Open sourcing the attention center model

Thursday, December 1, 2022

When you look at an image, what parts of an image do you pay attention to first? Would a machine be able to learn this? We provide a machine learning model that can be used to do just that. Why is it useful? The latest generation image format (JPEG XL) supports serving the parts that you pay attention to first, which results in an improved user experience: images will appear to load faster. But the model not only works for encoding JPEG XL images, but can be used whenever we need to know where a human would look first.

An open sourcing attention center model

What regions in an image will attract the majority of human visual attention first? We trained a model to predict such a region when given an image, called the attention center model, which is now open sourced. In addition to the model, we provide a script to use it in combination with the JPEG XL encoder: google/attention-center.

Some example predictions of our attention center model are shown in the following figure, where the green dot is the predicted attention center point for the image. Note that in the “two parrots” image both parrots’ heads are visually important, so the attention center point will be in the middle.

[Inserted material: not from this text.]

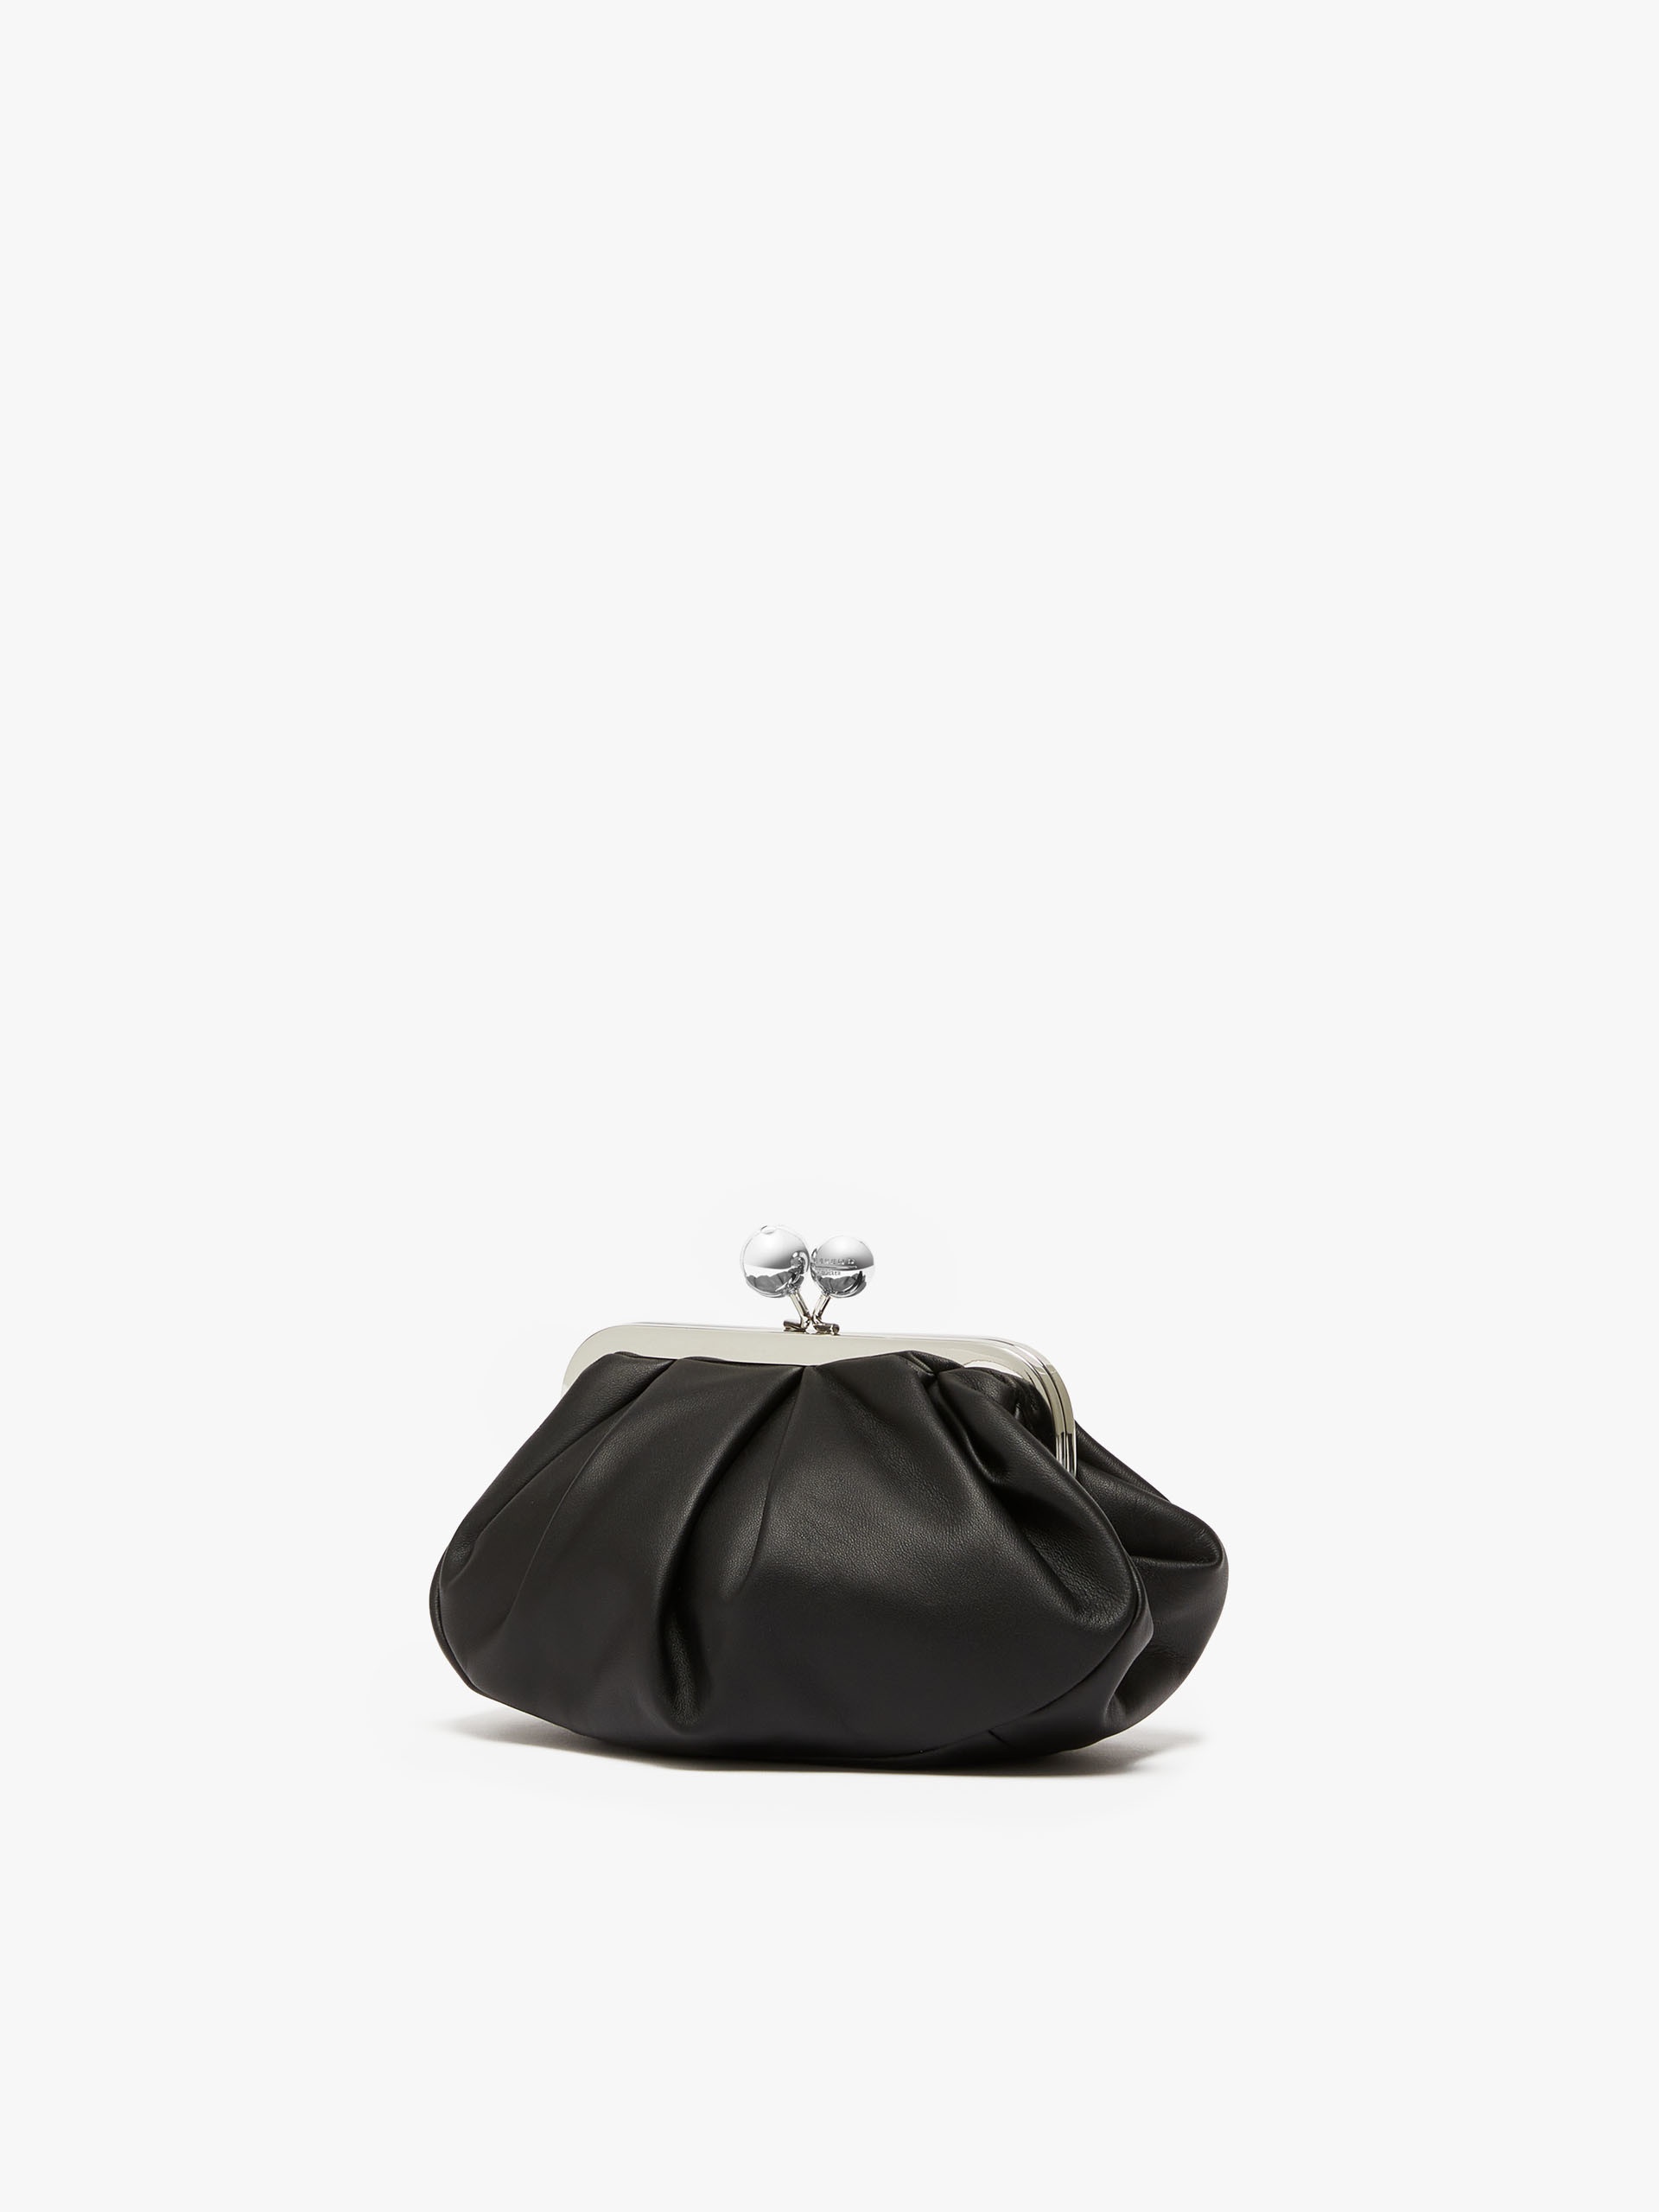 PRATI Small Pasticcino Bag in nappa leather - 2

Four images in quadrants as follows: A red door with brass doorknob in top left quadrant, headshot of a brown skinned girl waering a colorful sweater and ribbons in her hair and painted face smiling at the camera in the top right quadrant, A teal shuttered catherdral style window against a sand colored stucco wall with pink and red hibiscus in the forefront in the bottom left quadrant, A blue and yellow macaw and red and green macaw next to each other in the bottom right quadrant
Images are from Kodak image data set:

The model is 2MB and in the TensorFlow Lite format. It takes an RGB image as input and outputs a 2D point, which is the predicted center of human attention on the image. That predicted center is the place where we should start with operations (decoding and displaying in JPEG XL case). This allows the most visually salient/import regions to be processed as early as possible. Check out the code and continue to build upon it!

Attention center ground-truth data

To train a model to predict the attention center, we first need to have some ground-truth data from the attention center. Given an image, some attention points can either be collected by eye trackers [1], or be approximated by mouse clicks on a blurry version of the image [2]. We first apply temporal filtering to those attention points and keep only the initial ones, and then apply spatial filtering to remove noise (e.g., random gazes). We then compute the center of the remaining attention points as the attention center ground-truth. An example illustration figure is shown below for the process of obtaining the ground-truth.

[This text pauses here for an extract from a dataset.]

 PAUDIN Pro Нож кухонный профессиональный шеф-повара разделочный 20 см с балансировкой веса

Five images in a row showing the original image of a person standing on a rock by the ocean; the first is the original image, the second showing gaze/attention points, the third shoing temporal filtering, the fourth spatial filtering, and fifth, attention center

Attention center model architecture

The attention center model is a deep neural net, which takes an image as input, and uses a pre-trained classification network, e.g, ResNet, MobileNet, etc., as the backbone. Several intermediate layers that output from the backbone network are used as input for the attention center prediction module. These different intermediate layers contain different information e.g., shallow layers often contain low level information like intensity/color/texture, while deeper layers usually contain higher and more semantic information like shape/object. All are useful for the attention prediction. The attention center prediction applies convolution, deconvolution and/or resizing operator together with aggregation and sigmoid function to generate a weighting map for the attention center. And then an operator (the Einstein summation operator in our case) can be applied to compute the (gravity) center from the weighting map. An L2 norm between the predicted attention center and the ground-truth attention center can be computed as the training loss.

Attention center model architecture

Progressive JPEG XL images with attention center model

JPEG XL is a new image format that allows the user to encode images in a way to ensure the more interesting parts come first. This has the advantage that when viewing images that are transferred over the web, we can already display the attention grabbing part of the image, i.e. the parts where the user looks first and as soon as the user looks elsewhere ideally the rest of the image already has arrived and has been decoded. Using Saliency in progressive JPEG XL images | Google Open Source Blog illustrates how this works in principle. In short, in JPEG XL, the image is divided into square groups (typically of size 256 x 256), and the JPEG XL encoder will choose a starting group in the image and then grow concentric squares around that group. It was this need for figuring out where the attention center of an image is that led us to open source the attention center model, together with a script to use it in combination with the JPEG XL encoder. Progressive decoding of JPEG XL images has recently been added to Chrome starting from version 107. At the moment, JPEG XL is behind an experimental flag, which can be enabled by going to chrome://flags, searching for “jxl”.

To try out how partially loaded progressive JPEG XL images look, you can go to

By Moritz Firsching, Junfeng He, and Zoltan Szabadka – Google Research


[1] Valliappan, Nachiappan, Na Dai, Ethan Steinberg, Junfeng He, Kantwon Rogers, Venky Ramachandran, Pingmei Xu et al. "Accelerating eye movement research via accurate and affordable smartphone eye tracking." Nature communications 11, no. 1 (2020): 1-12.

[2] Jiang, Ming, Shengsheng Huang, Juanyong Duan, and Qi Zhao. "Salicon: Saliency in context." In Proceedings of the IEEE conference on computer vision and pattern recognition, pp. 1072-1080. 2015.